**Task description:** Please output only the lines running from the one that contains "DRESSES @Neoma Strapless" through the last line of the data below, exactly as they stand, with no pictures.
Supplied material section start
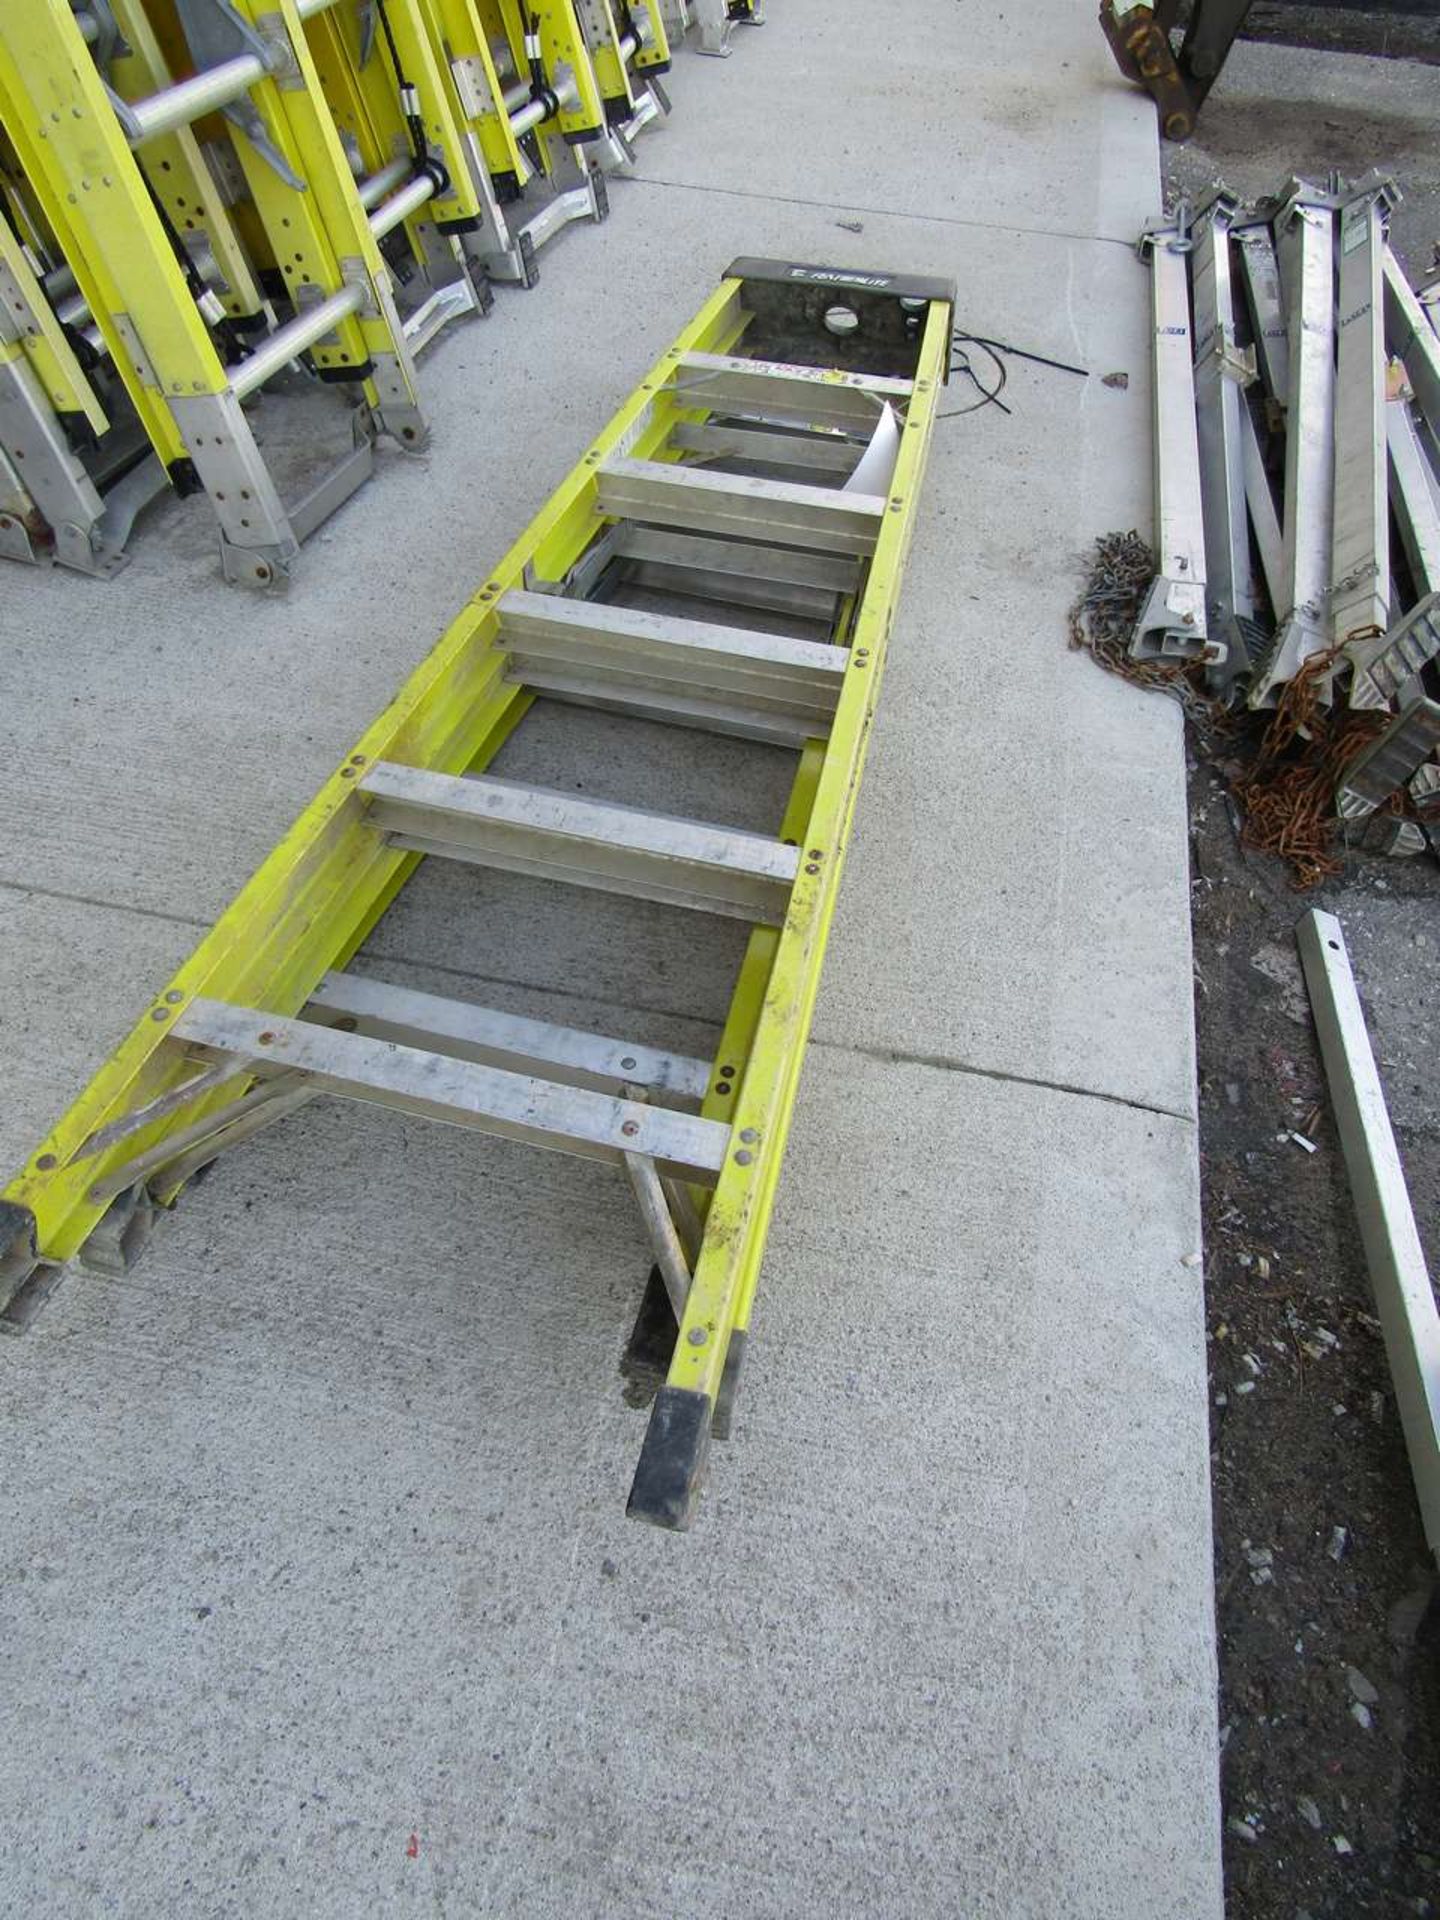 2 6' Featherlite Step Ladders
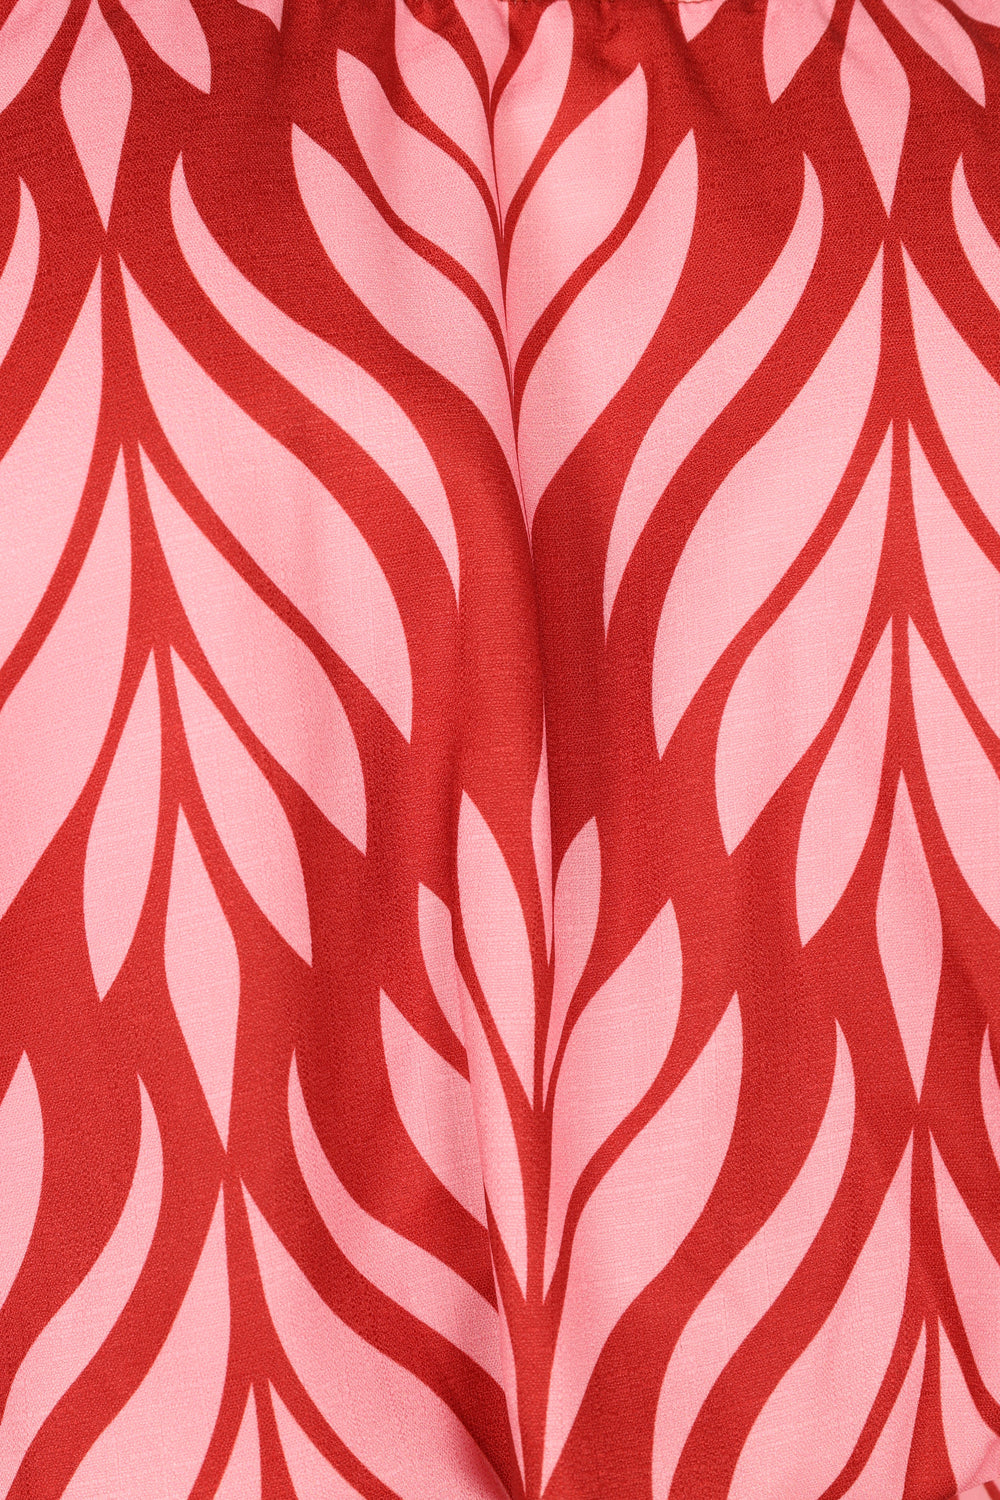 DRESSES @Neoma Strapless Midi Dress - Red Palm Print
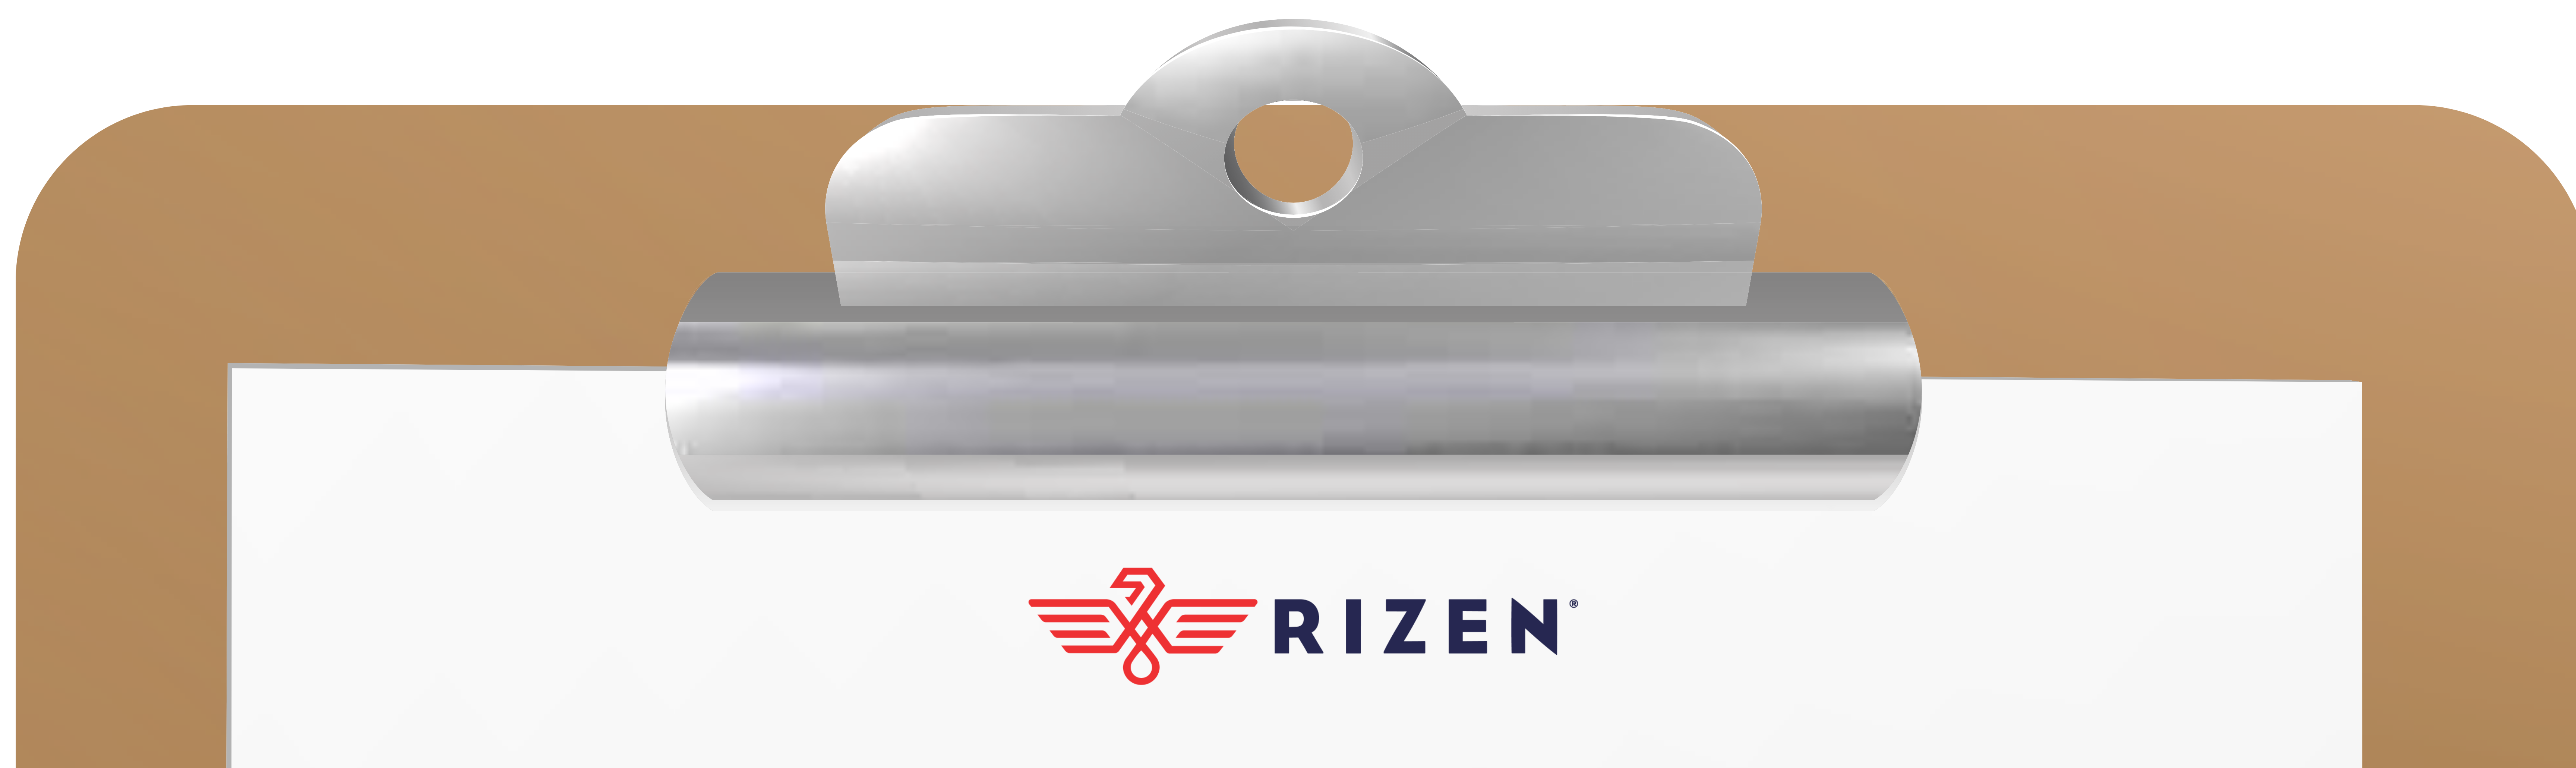 Rizen home services clipboard
Supplied material section end
**Response area:**
 DRESSES @Neoma Strapless Midi Dress - Red Palm Print
 Rizen home services clipboard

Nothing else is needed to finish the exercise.